Furthermore, as we stated in 2008, the law’s disclosure and reporting requirements should be fine-tuned in two key dimensions. First, several reports during the past thirty years, such as the Tobin Report in 1975 and James Dietz’s seminal Economic History of Puerto Rico (Princeton University Press, 1986), have highlighted that Puerto Rico’s dependence on tax exemptions to attract foreign investment has generated an ever growing gap between the island’s Gross Domestic Product (“GDP”), which measures the value of all production generated within Puerto Rico, and the island’s Gross National Product (“GNP”), which measures the value of production that can be attributed to locally-owned factors of production.
The existence of this gap is important because it indicates there is a mismatch between Puerto Rico’s real productive capacity and the amount of “value added” that is measured and reflected in official statistics. An analysis carried out by Barry Bosworth and Susan Collins for the CNE/Brookings report published in 2006, reveals that over the 1987-2001 period the ratio of capital income to employee compensation in the chemical industry (which includes pharmaceuticals) averaged 10.5 in Puerto Rico and 2.1 in the United States.
According to the authors “differences in relative factor returns of this magnitude cannot be credibly attributed to differences in the underlying production processes.” Bosworth and Collins estimate that manufacturing output and economy-wide GDP in 2004 were in fact overstated by 45 per cent and 17 per cent, respectively, and conclude that “much of what is recorded as production in Puerto Rico is a simple paper transaction in which income is transferred to Puerto Rico and then taken back out as dividend payments to mainland corporations.”
If the new incentives law is successful in generating real economic activity by locally-owned firms and not merely paper profits by multinational companies, then we should see an increase in Puerto Rico’s GNP growth rate relative to the growth rate its GDP and the gap between both indicators should narrow and eventually close. Therefore, we recommend that the reports to be filed by the Secretary of Economic Development include an analysis of the GDP/GNP gap and their respective growth rates during each of the previous three fiscal years.
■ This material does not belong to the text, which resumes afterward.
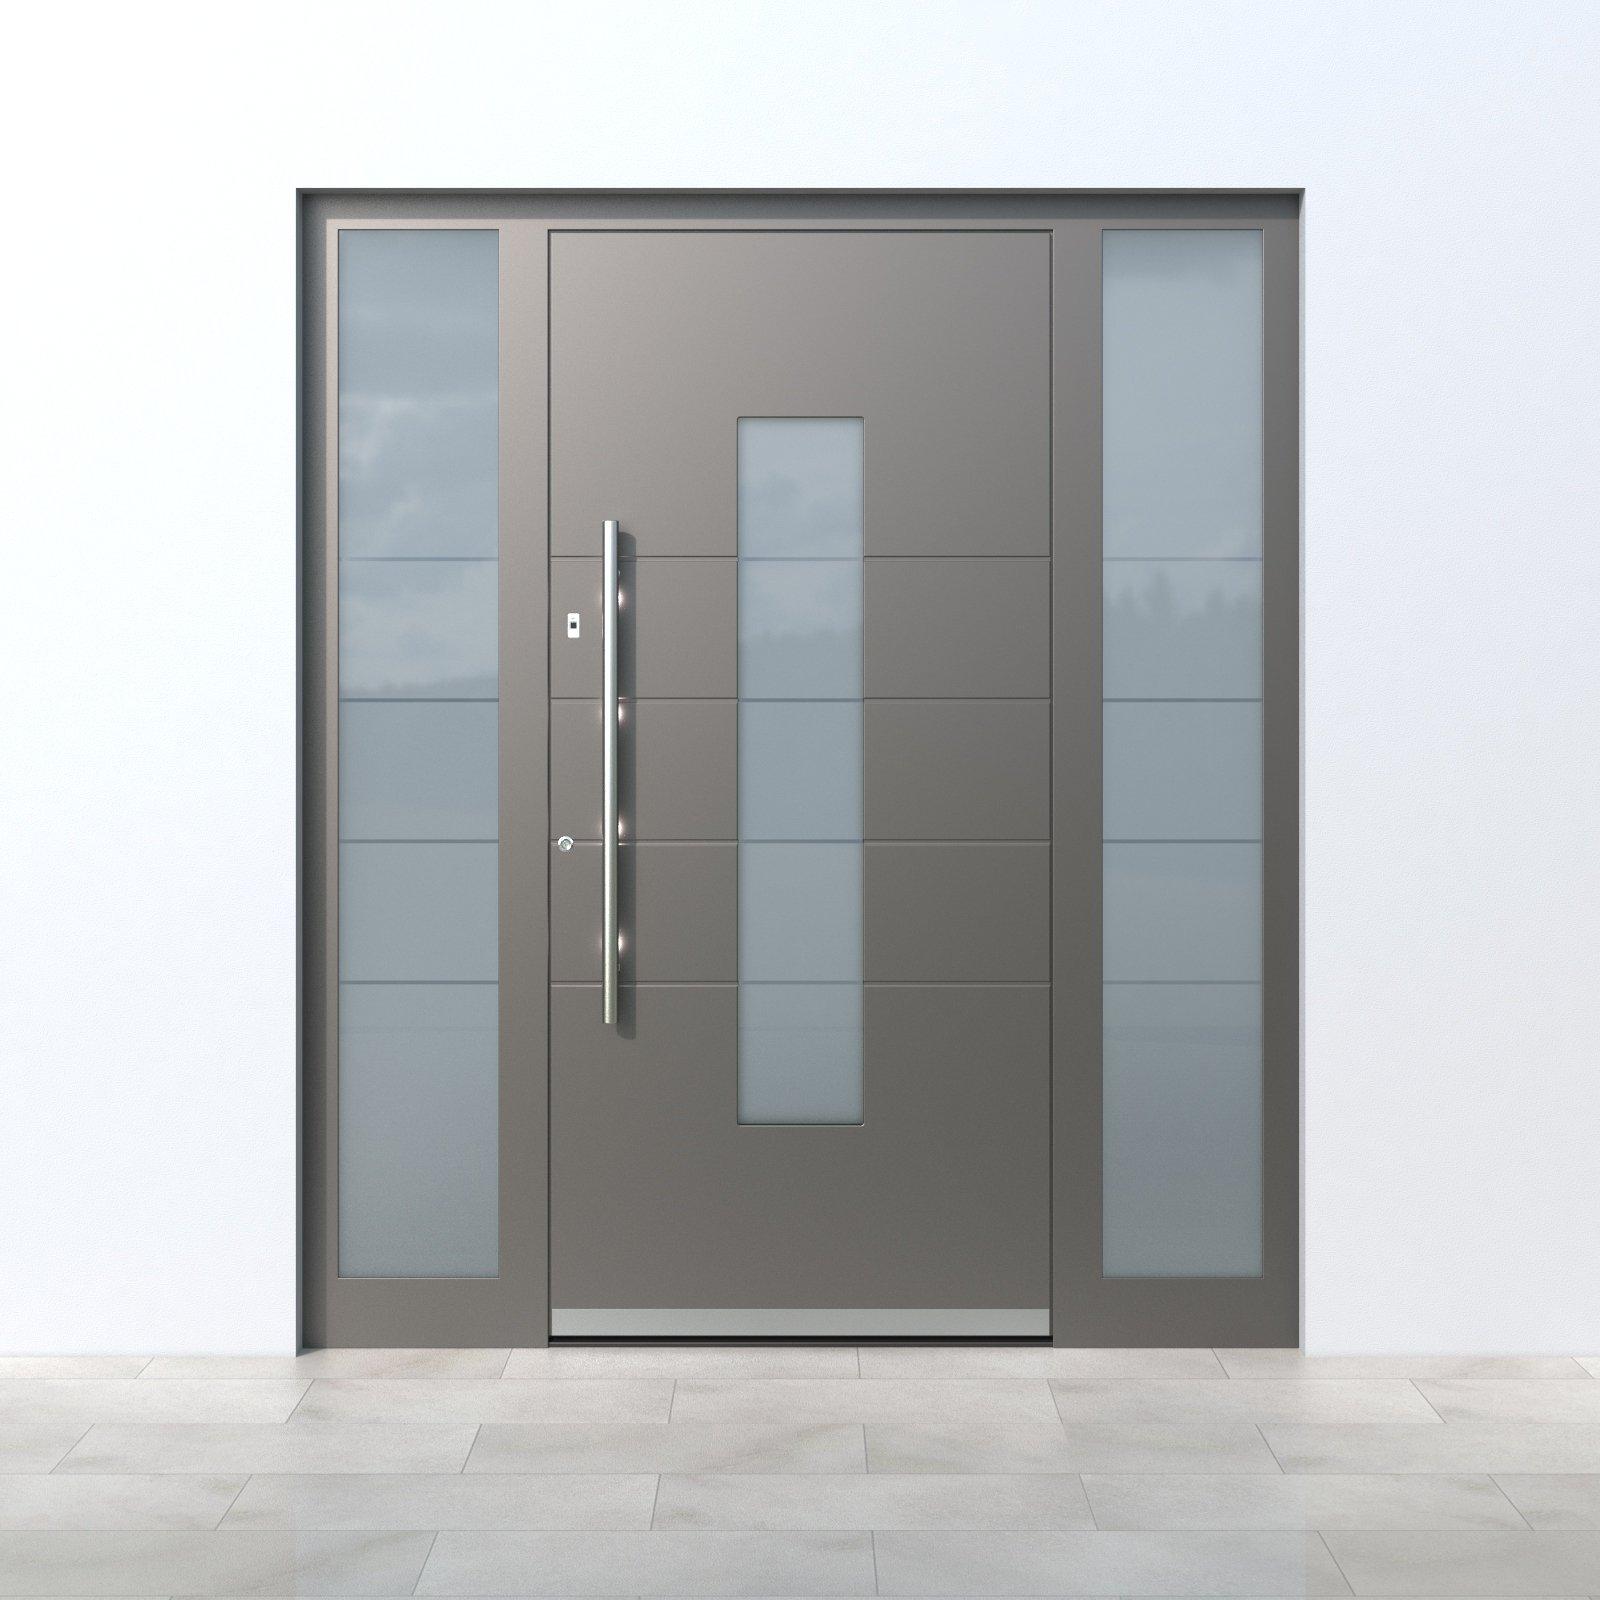 Pirnar_Quantum_QB50 Haustüren

Second, tax incentive programs in Puerto Rico have never been subject to a strict cost-benefit analysis. This is important because the crucial issue with respect to growth incentives is whether an additional dollar spent in promoting one activity would be more beneficial than a dollar spent elsewhere. Thus, the question for those who believe a particular activity should be promoted—for example, the pharmaceutical industry—is why they believe the social returns to such an activity will be higher than elsewhere in the economy.
Therefore, we recommend that the reports to be filed by the Secretary of the Treasury include the following information: (1) an analysis of the cost of each of the incentives included in the law in terms of forgone public revenues (tax expenditures); (2) the cost per job created in terms of forgone public revenues and a comparison of this cost with the average wage paid to workers in exempt businesses; and (3) an estimate of the aggregate economic activity generated by the tax incentives and a comparison of these benefits with the cost of the incentives in terms of forgone public revenues.
Proponents of the new law claimed at the time that it was the “best incentives law in the world”. Yet, so far it seems “that dog don’t hunt”, as Bill Clinton would say.